Build a multimodal sequence that combines reference example(s) with a query video, and Isaac 0.3 Max will adapt to your task without any fine-tuning. Useful for inventory checks, defect spotting, asset matching, and any workflow where the concept is easier to show than to describe.
Basic usage
For multi-modal in-context learning, build a sequence of nodes (images, videos, and text) using the @perceive decorator. Isaac will treat the leading nodes as exemplars and the trailing video + question as the query.
from perceptron import perceive, image, text, video
@perceive(reasoning=True, expects="clip")
def find_in_video(example_image_path: str, query_video_path: str):
return (
image(example_image_path)
+ text("I need to check inventory on this item.")
+ video(query_video_path)
+ text("Is it in stock? Return a clip to justify your answer. Use the <clip> tag to specify clips.")
)
result = find_in_video("mini_wheats.jpeg", "cereal_short.mp4")
print(result.text)
for clip in result.clips or []:
print(clip.timestamp.at, clip.timestamp.until, clip.mention)
Parameters (on @perceive):
| Parameter | Type | Default | Description |
|---|
reasoning | bool | False | Set True to let the model think through the example + query before answering |
expects | str | "text" | Output structure ("text", "clip", "point", "box", "polygon") |
Returns:
PerceiveResult object:
text (str): The model’s answer with inline <clip> tags when grounding is requested.
reasoning (str | None): Chain-of-thought when reasoning=True.
clips, points, boxes, polygons: Populated based on expects.
Example: Inventory check from a single reference image
In this example we show Isaac one example image (a box of mini-wheats) with a brief intent, then ask whether the same item appears in a different shelf-walking video. The model returns a clip pointing at the moment that justifies its answer.
from pathlib import Path
from urllib.request import urlretrieve
from perceptron import configure, image, perceive, text, video
configure(
provider="perceptron",
model="isaac-0.3-max",
api_key="YOUR_API_KEY",
)
# Download example image and query video
ASSET_BASE = "https://raw.githubusercontent.com/perceptron-ai-inc/perceptron/main/cookbook/_shared/assets/capabilities/in-context-learning-video"
EXAMPLE_IMAGE = Path("mini_wheats.jpeg")
QUERY_VIDEO = Path("cereal_short.mp4")
for path, url in [
(EXAMPLE_IMAGE, f"{ASSET_BASE}/mini_wheats.jpeg"),
(QUERY_VIDEO, f"{ASSET_BASE}/cereal_short.mp4"),
]:
if not path.exists():
urlretrieve(url, path)
@perceive(reasoning=True, expects="clip")
def check_inventory(example_image_path: str, query_video_path: str):
return (
image(example_image_path)
+ text("I need to check inventory on this item.")
+ video(query_video_path)
+ text("Is it in stock?

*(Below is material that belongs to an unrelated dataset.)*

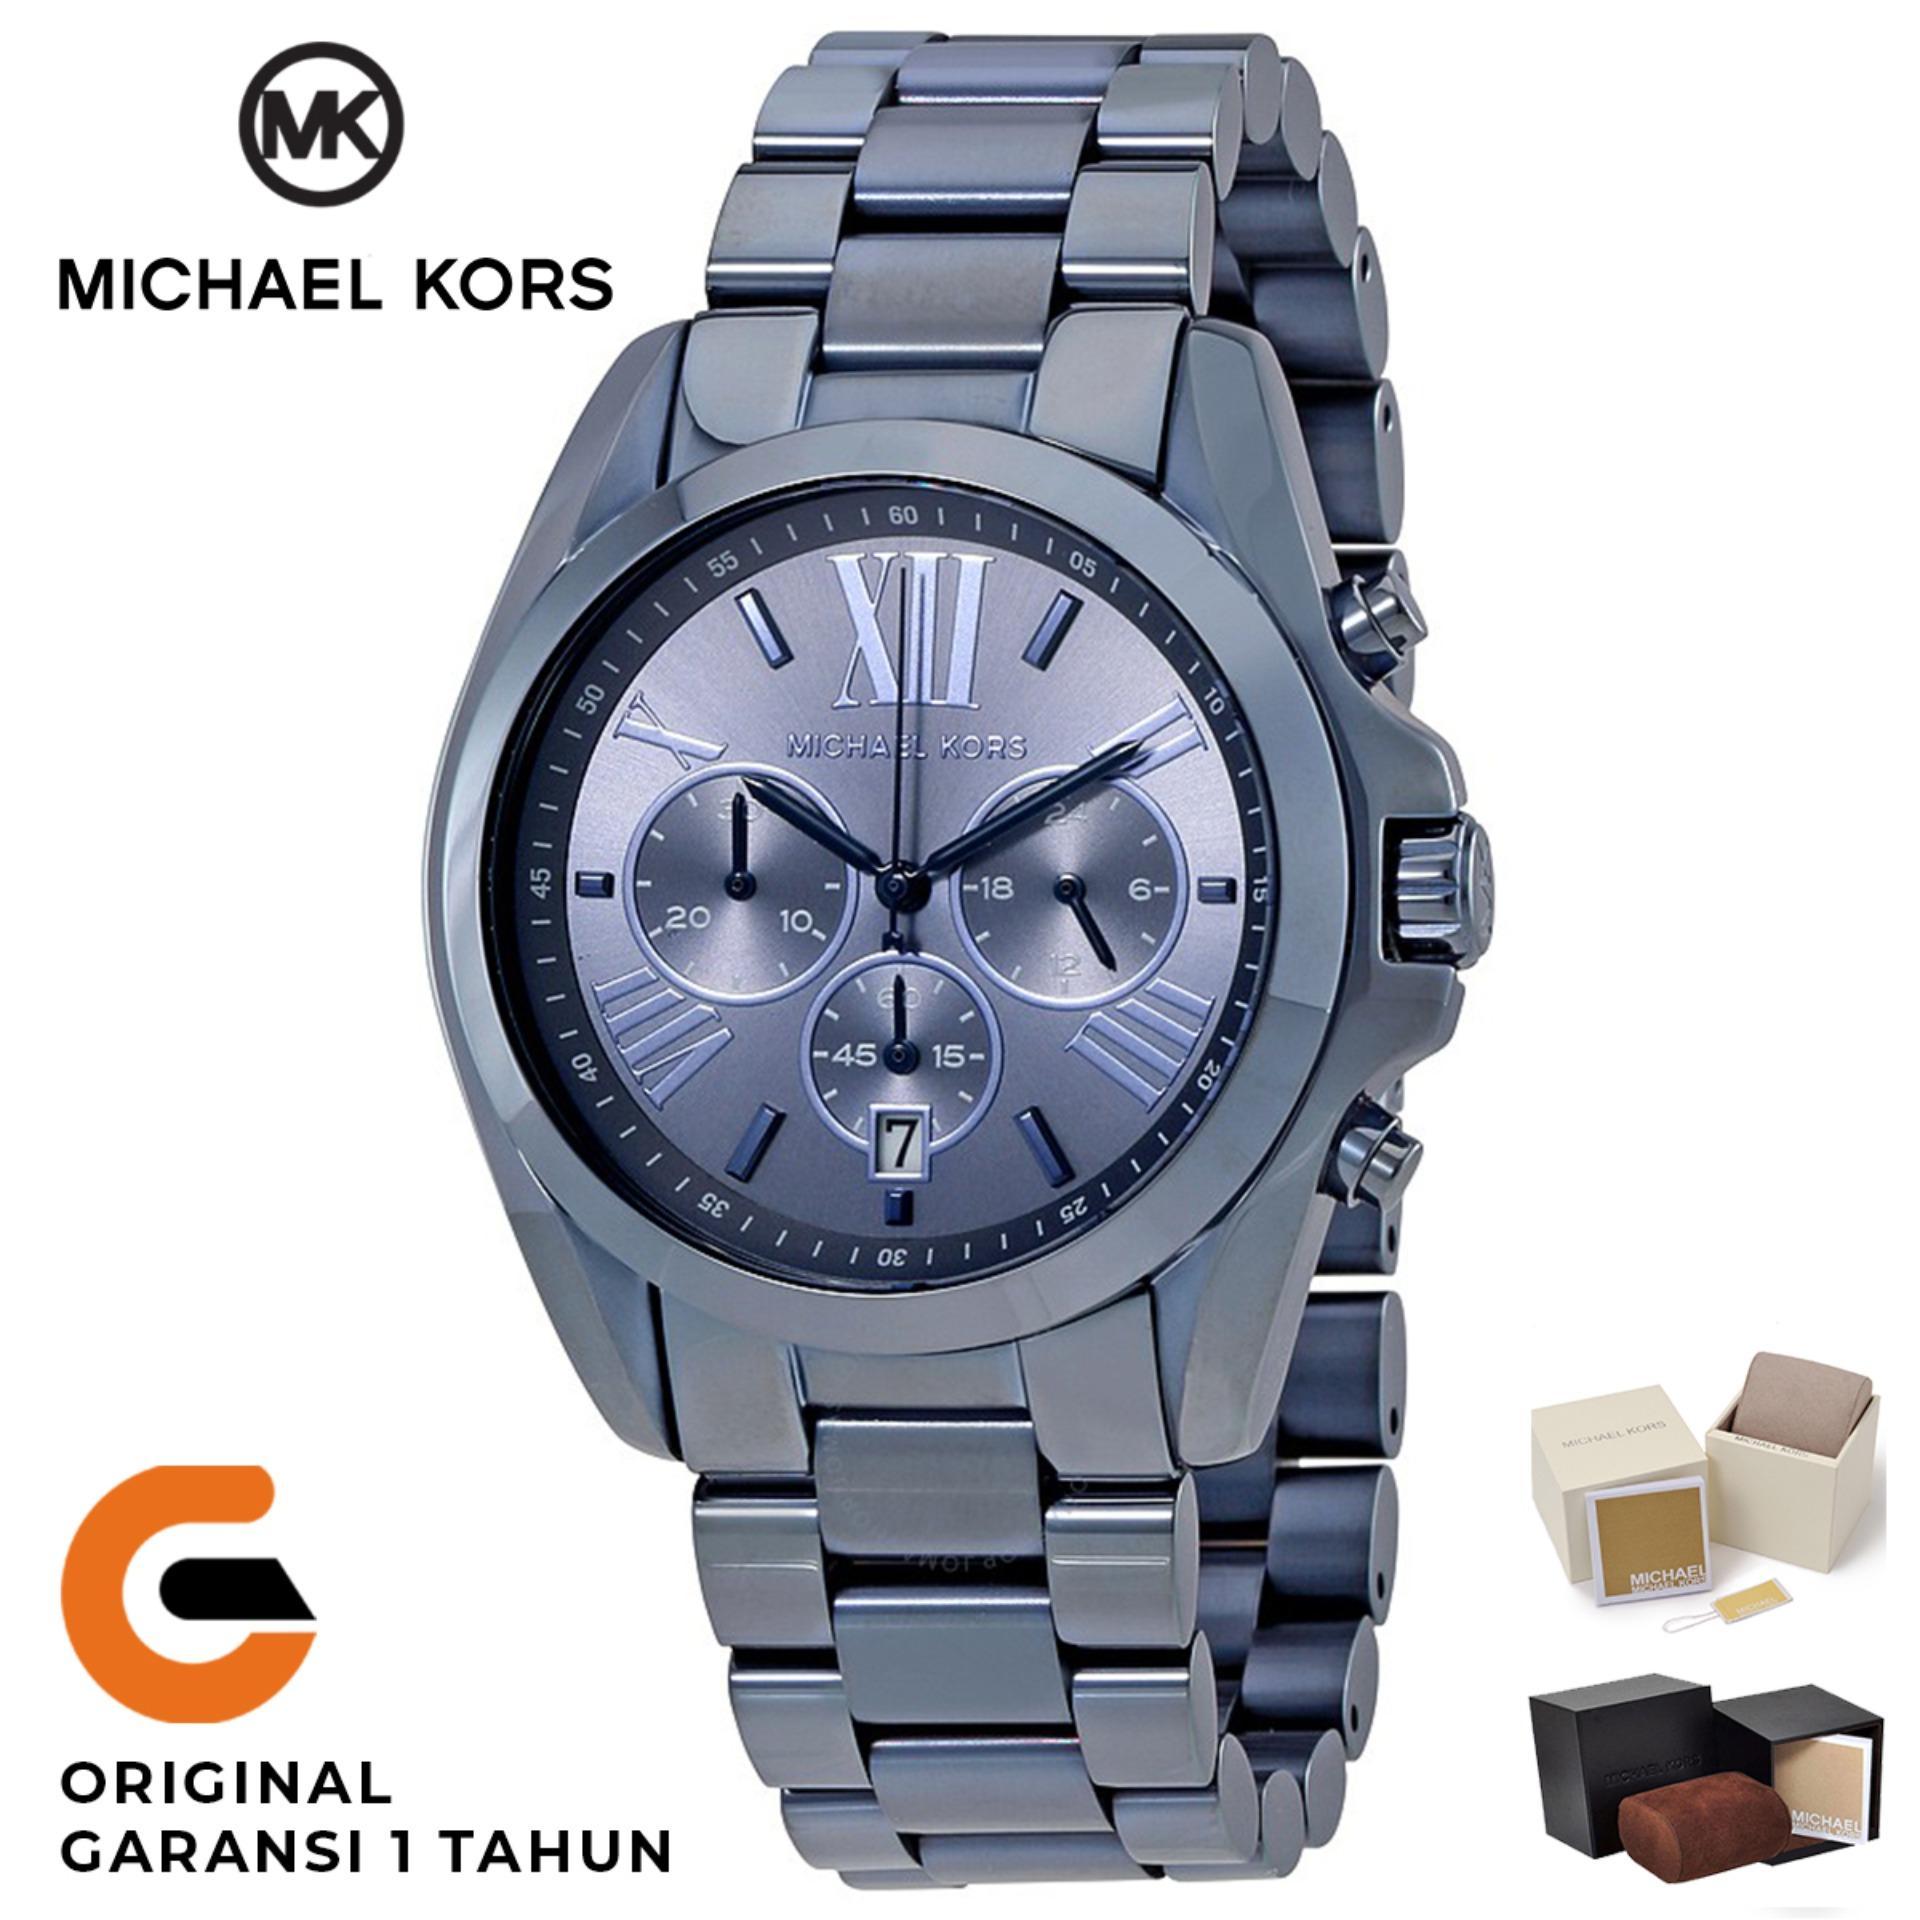 34c490a57638 Michael Kors Watch Original Jam Tangan Wanita Michael Kors Bradshaw MK6248  Tali Rantai Stainless Strap Blue

Return a clip to justify your answer. Use the <clip> tag to specify clips.")
)
result = check_inventory(str(EXAMPLE_IMAGE), str(QUERY_VIDEO))
print(result.text)
for idx, clip in enumerate(result.clips or [], start=1):
ts = clip.timestamp
window = f"{ts.at:.2f}s" if ts.until is None else f"{ts.at:.2f}s - {ts.until:.2f}s"
print(f"Clip {idx}: {window} - {clip.mention or '(no mention)'}")
Best practices
- One concept at a time: Each ICL call should teach a single concept. If you need to find both mini-wheats and corn flakes, run two calls — don’t ask the model to juggle both from a single example.
- Make the intent statement match the query: The text node between the example and the query should describe what you want done in the same vocabulary you’ll use in the question. The closer the framing, the better Isaac generalizes from the example.
- Reach for
expects="clip" when grounding to time matters: For yes/no answers, plain text is fine. For “show me when,” ask for a clip in the prompt and parse result.clips.